ANNESİNİ DEĞİL ABLASINI ARADI
Ayşe Nazlı gidene kadar Poyraz hastanede tek başına. Poyraz gece Ayşe Nazlı'yı aramış uyuduğu için duymamış. Poyraz gece ya da sabah annesini aramamış. Poyraz mahkeme kararıyla babasında kalıyor, annesinin evine gitmek istemiyor. Bunun nedenlerini ben açıklamak durumunda değilim. Ayşe Nazlı hastaneye gidiyor, babası yoğun bakımda… Poyraz, Ayşe'nin kardeşi, kan bağları olmasa da kardeşi. Ayşe bana dedi ki 'anne Poyraz eve gitmek istiyor alacakları varmış' ben de ‘tamam’ dedim. Ayşe ile Poyraz, Reha Bey'in evine gittiler, orada o işleri hallederken, bir telefon geldi; ‘Ayşe Nazlı, Poyraz'ı hastaneye getirsin, yoksa suç duyursun da bulunacağız.’ Ben de kızımı aradım hastaneye ‘kardeşini götür’ dedim. Olay tamamen bu. Ayşe Nazlı ve Poyraz, babalarının evine gitmiştir. Bu iftiraları atanları mahkemeye vermek istemiyorum, çünkü ben bu kötülüklerle uğraşamam. Lütfen iyi insan olmaya çalışın. Çok güvendiğim, yıllar içinde çok güven oluşturduğum, beni seven ve takip eden insanların bazılarından beni yargılayan, suçlayan ve iftiralara inan acımasız yorumlar oldu. Bunlar beni çok üzdü onlara da çok kırgınım.

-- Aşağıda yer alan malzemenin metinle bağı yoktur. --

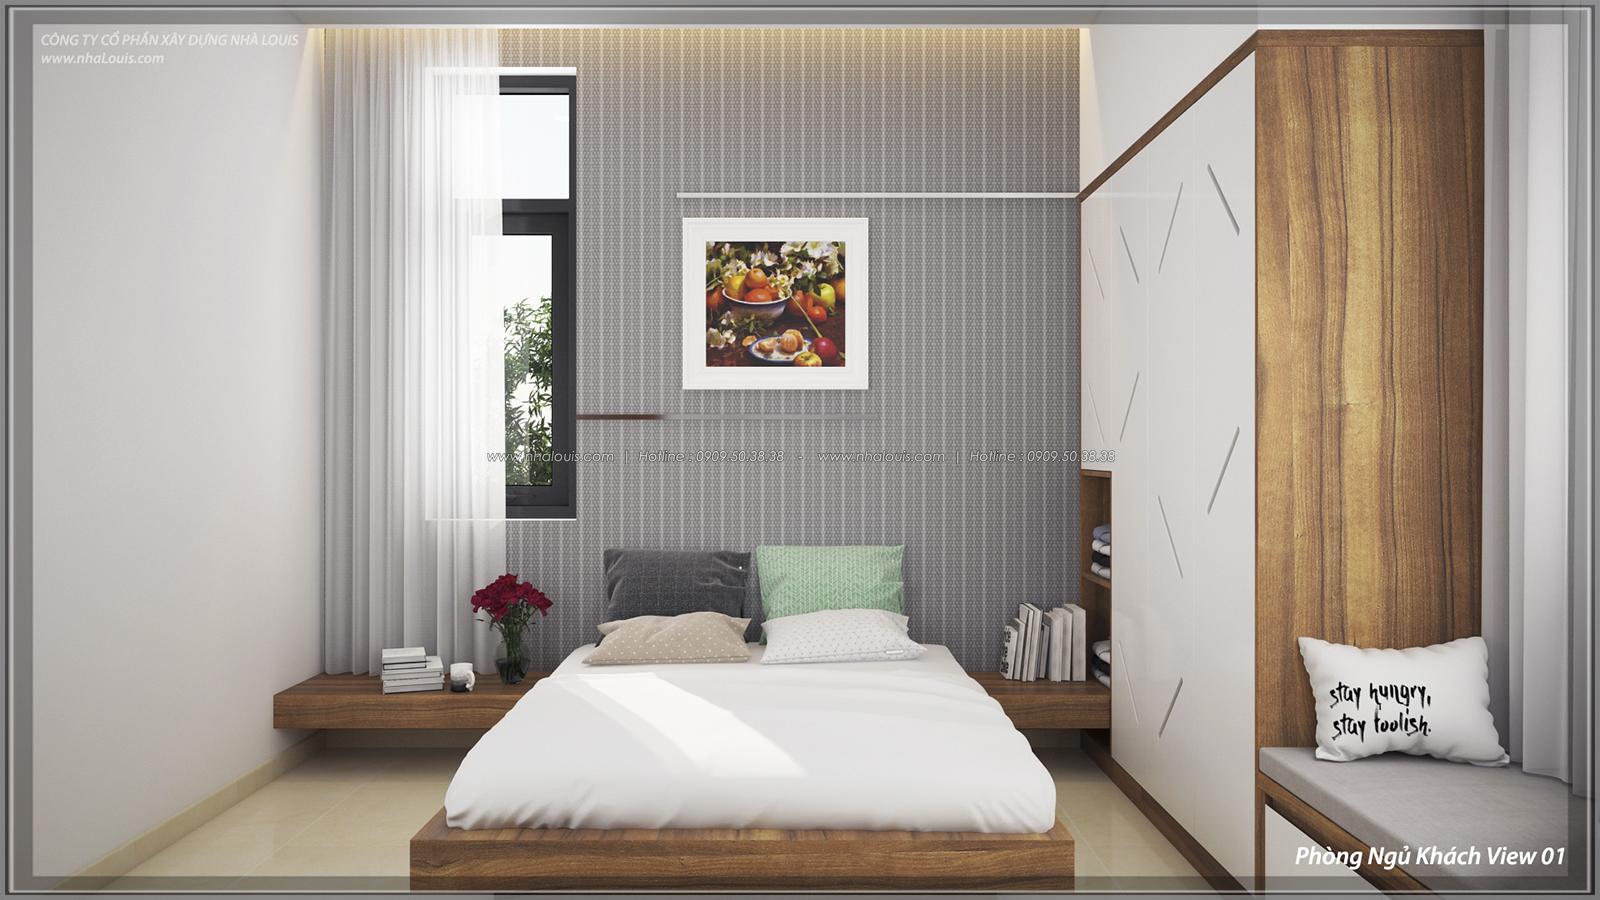 Thiết kế nội thất biệt thự sinh thái cao cấp Lucasta Villa 5 sao tại Quận 9 - 43

DENİZ UĞUR: HUKUK KARAR VERDİ
Tüm bu yaşananların ardından Deniz Uğur, sosyal medya hesabından mahkemenin kararını açıkladı. Oyuncu; "Sevgili Nilüfer; Dediğin gibi, hukuk karar verdi. Çocuğumun bana teslim edilmesini sağlamanızı rica ediyorum. Çocuğumun bana, benim de ona ihtiyacım var. Avukatım, Reha’nın avukatına kararı attı. Beni çocuğumdan artık ayırmayın" dedi.
"KIZIM EVDE AĞLIYOR"
Deniz Uğur, daha sonra sosyal medya hesabından yaptığı paylaşımda ise "Mahkeme kararına rağmen avukatıma "Biz çocuğu teslim etmiyoruz, gelin alabiliyorsanız alın" ne demek? Beni kan bağı olmayan insanlar araya girmeden çocuğumla psikologlar eşliğinde yüz yüze görüştürecek bir Allah'ın kulu yok mu bu memlekette? Gidip adam dövmem mi gerekiyor?" ifadelerine yer verdi. Uğur, ayrıca "Kızım evde 'Kardeşimi getirsinler' diye ağlıyor. Hasta mısınız siz? Mafya mısınız? soruyorum..." notunu düştü.